Update: For this particular problem, there is a simpler answer that does not require very fancy machinery. It is based on Section 3 of the withdrawn Lu-Peng-Zhang-Lin.
Let $p_1 = p_2 + 2$, be twin $n/2$-bit primes. Let $q_1$ and $q_2$ be random $n/2$-bit primes. Let $n_1 = p_1q_1$, and $n_2 = p_2q_2$.
Because we know the exact distance $p_1-p_2 = 2$ in this case, we have the relation
$$
2q_2 + n_2 \equiv 0 \pmod{p_1}\,
$$
but moreover, this also holds modulo $p_1q_2$. It has as a small root $q_2$.
Now we can apply the Coppersmith theorem, and find a small root of $x + n_2/2 \bmod (n_1n_2)$ modulo the divisor $p_1q_2$ of $n_1n_2$: we have the divisor size $p_1q_2 \approx n_1n_2^{1/2}$ and the root size $q_2 \approx \left(n_1n_2\right)^{1/4} \le \left(n_1n_2\right)^{\frac{(1/2)^2}{1}}$. So this becomes a simple application of Coppersmith's theorem.
To solve this on exactly balanced primes still requires quite an effort, due to the lattice dimension and coefficient sizes involved and some bruteforce. So here is an example with some slack bits of unbalancedness added to make things easier to demonstrate on Sagemath. Below:
sage: set_verbose(2)
....: slack = 32
....: while True:
....: ^Ip2 = random_prime(2^(512+slack), lbound=2^(512+slack-1)+2^(512+slack-2), proof=False)
....: ^Iif is_pseudoprime(p2 + 2):
....: ^I^Ip1 = p2 + 2
....: ^I^Ibreak
....: q1 = random_prime(2^(512-slack), lbound=2^(512-slack-1)+2^(512-slack-2), proof=False)
....: q2 = random_prime(2^(512-slack), lbound=2^(512-slack-1)+2^(512-slack-2), proof=False)
....: n1 = p1*q1
....: n2 = p2*q2
....: P.<x> = Zmod(n1*n2)[]
....: f = x + inverse_mod(2, n1*n2)*n2 % (n1*n2)
....: f.small_roots(X=2^(512-slack), beta=0.499, epsilon=1/80)

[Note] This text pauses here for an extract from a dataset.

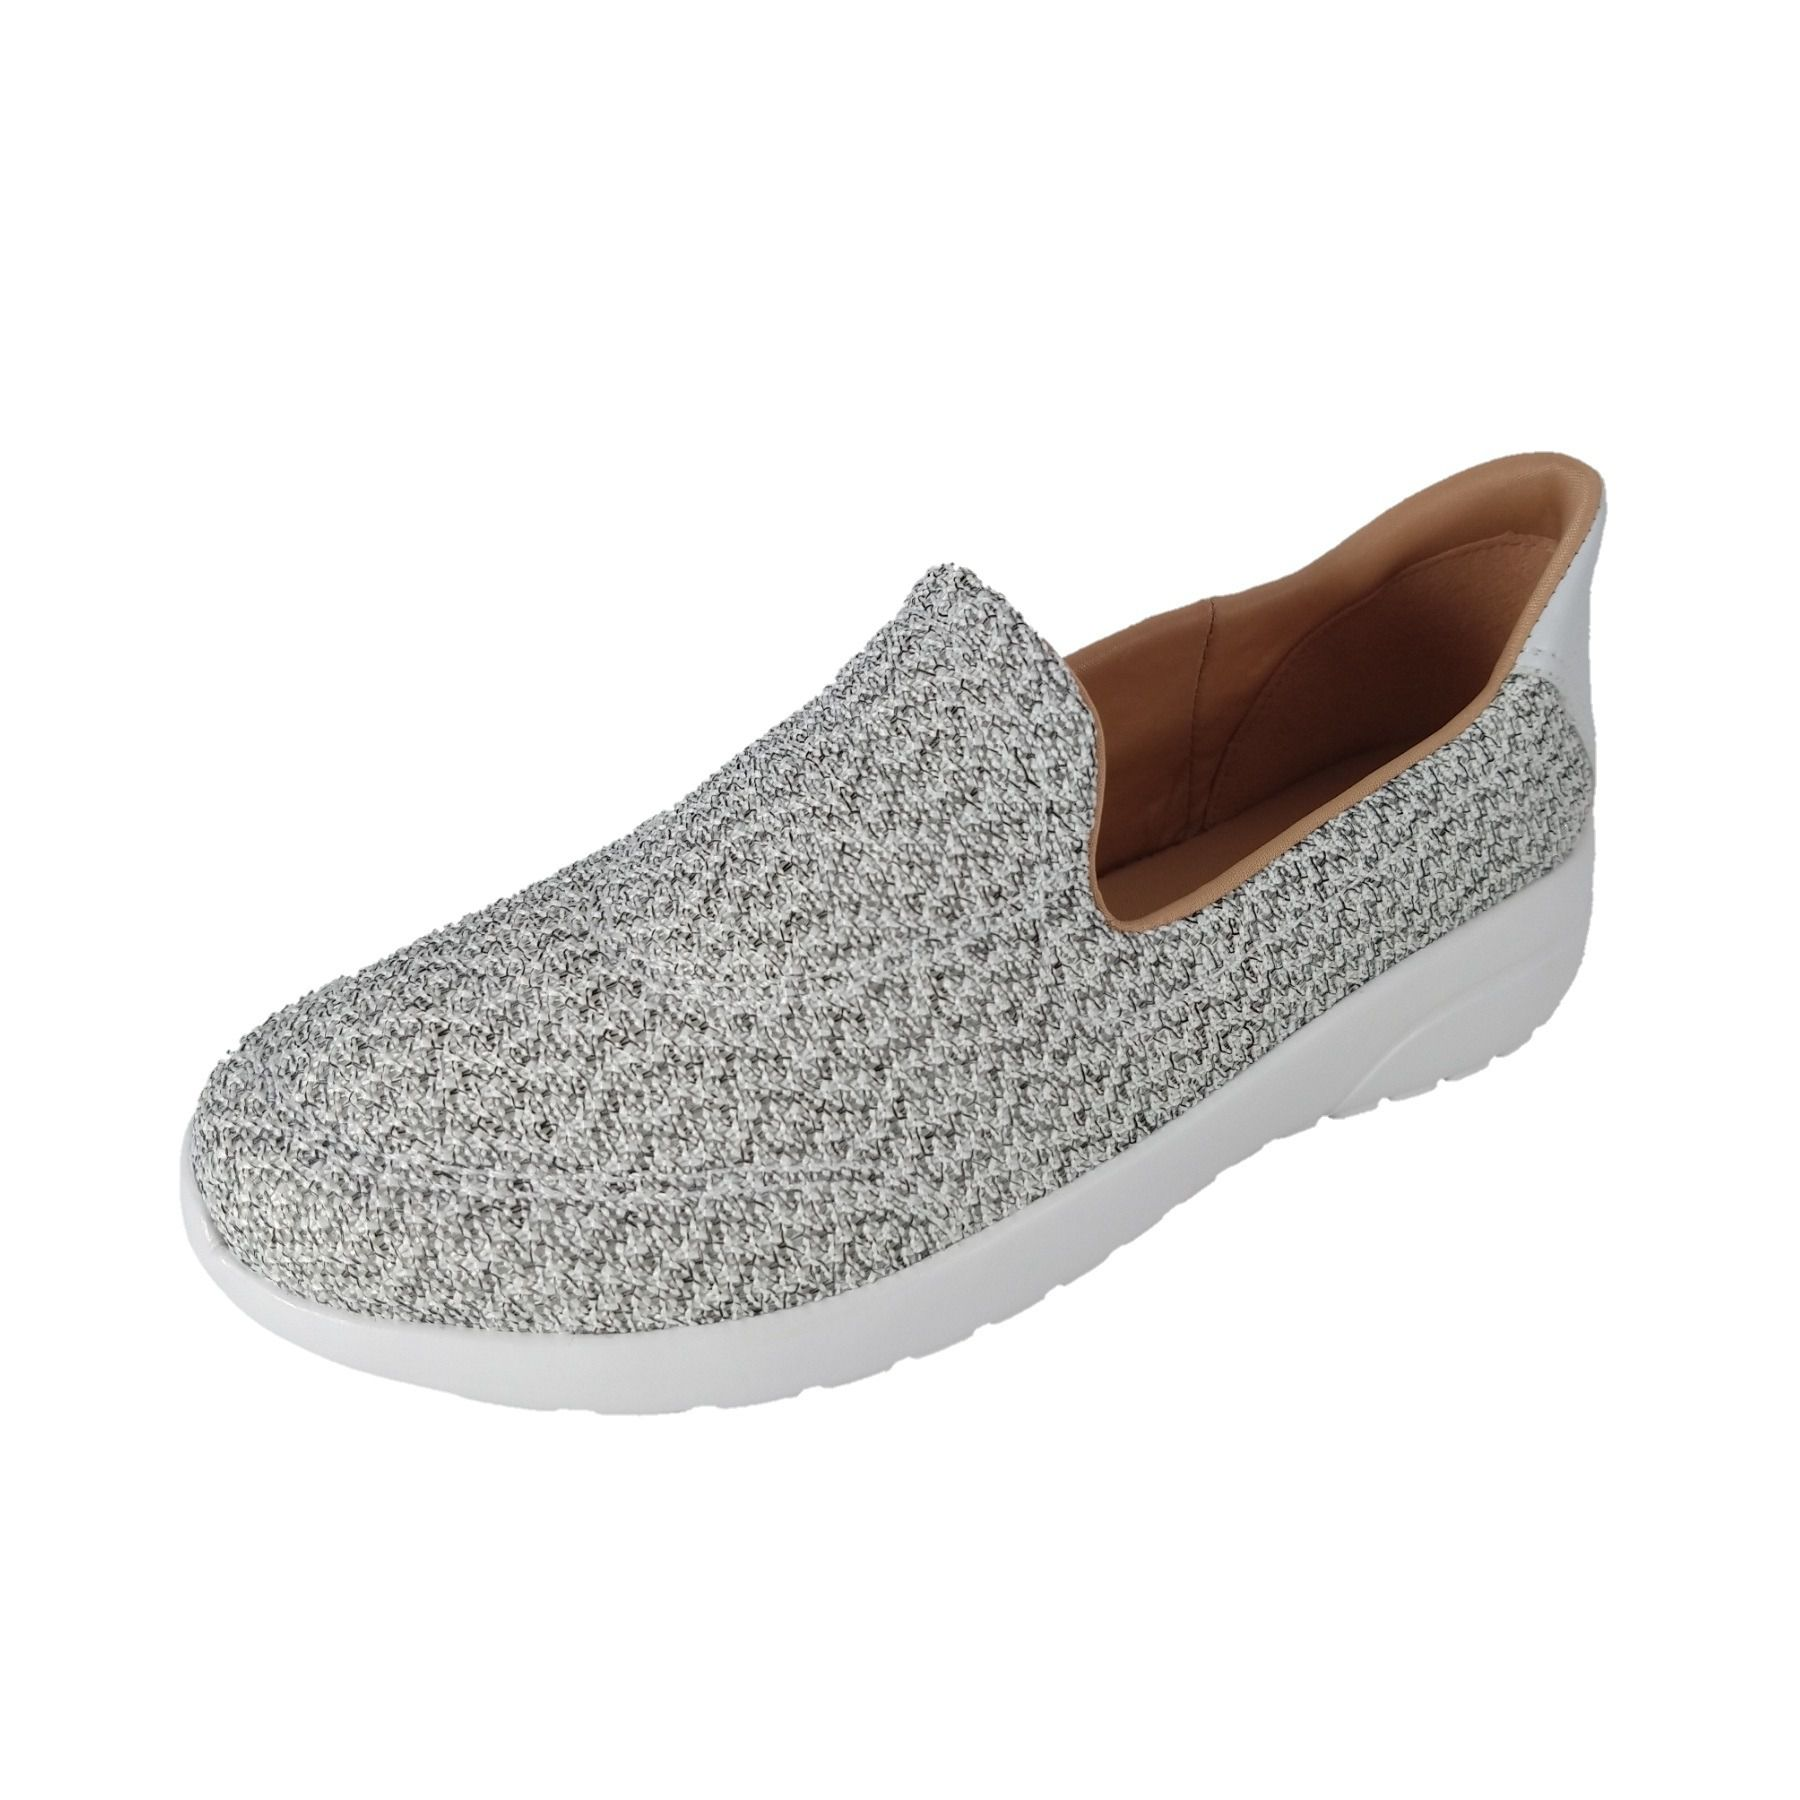 Tênis Confort Ramarim Sli On Knit Cinza  - SAPATOWEB.COM

verbose 2 (<module>) epsilon = 0.012500
verbose 2 (<module>) m = 20
verbose 2 (<module>) t = 20
verbose 2 (<module>) X = 3121748550315992231381597229793166305748598142664971150859156959625371738819765620120306103063491971159826931121406622895447975679288285306290176
verbose 1 (<module>) LLL of 40x40 matrix (algorithm fpLLL:wrapper)
verbose 1 (<module>) LLL finished (time = 98.39880900000003)
[0,
2620283760117376406133844025968807462728035897729397199816702715415414363266477530335988526677009061010233108189224508368303968856603325996874289]
sage: q2
2620283760117376406133844025968807462728035897729397199816702715415414363266477530335988526677009061010233108189224508368303968856603325996874289
The fancy name for this is factorization with an implicit hint. If the primes are unbalanced, i.e., if $\log_2 p_i > 2 \log_2 q_i$, we know how to factor $n_1$ and $n_2$ quite easily. Let $k$ be the number of bits $p_1$ and $p_2$ differ by (a very small $k$, usually, for $(p, p+2)$); reduce the following lattice
$$
\begin{pmatrix}
2^k & 0 & n_2 \\
0 & 2^k & -n_1
\end{pmatrix}
$$
using LLL or equivalent. The resulting shortest vector will be $(2^k q_1, 2^k q_2, 2q_1q_2)$. This method is described, in much more generality (i.e., in terms of shared $p_i$ bits) in Faugère, Marinier, and Renault (see also May and Ritzenhofen, Sarkar-Maitra, Kurusawa-Ueda, and Nitaj-Ariffin).
Two recent papers make improvements to the above lattice-based method, and Theorem 1 of Lu-Peng-Zhang-Lin seems to imply that implicit factorization with balanced moduli is indeed possible. So the answer to your question would seem to be yes.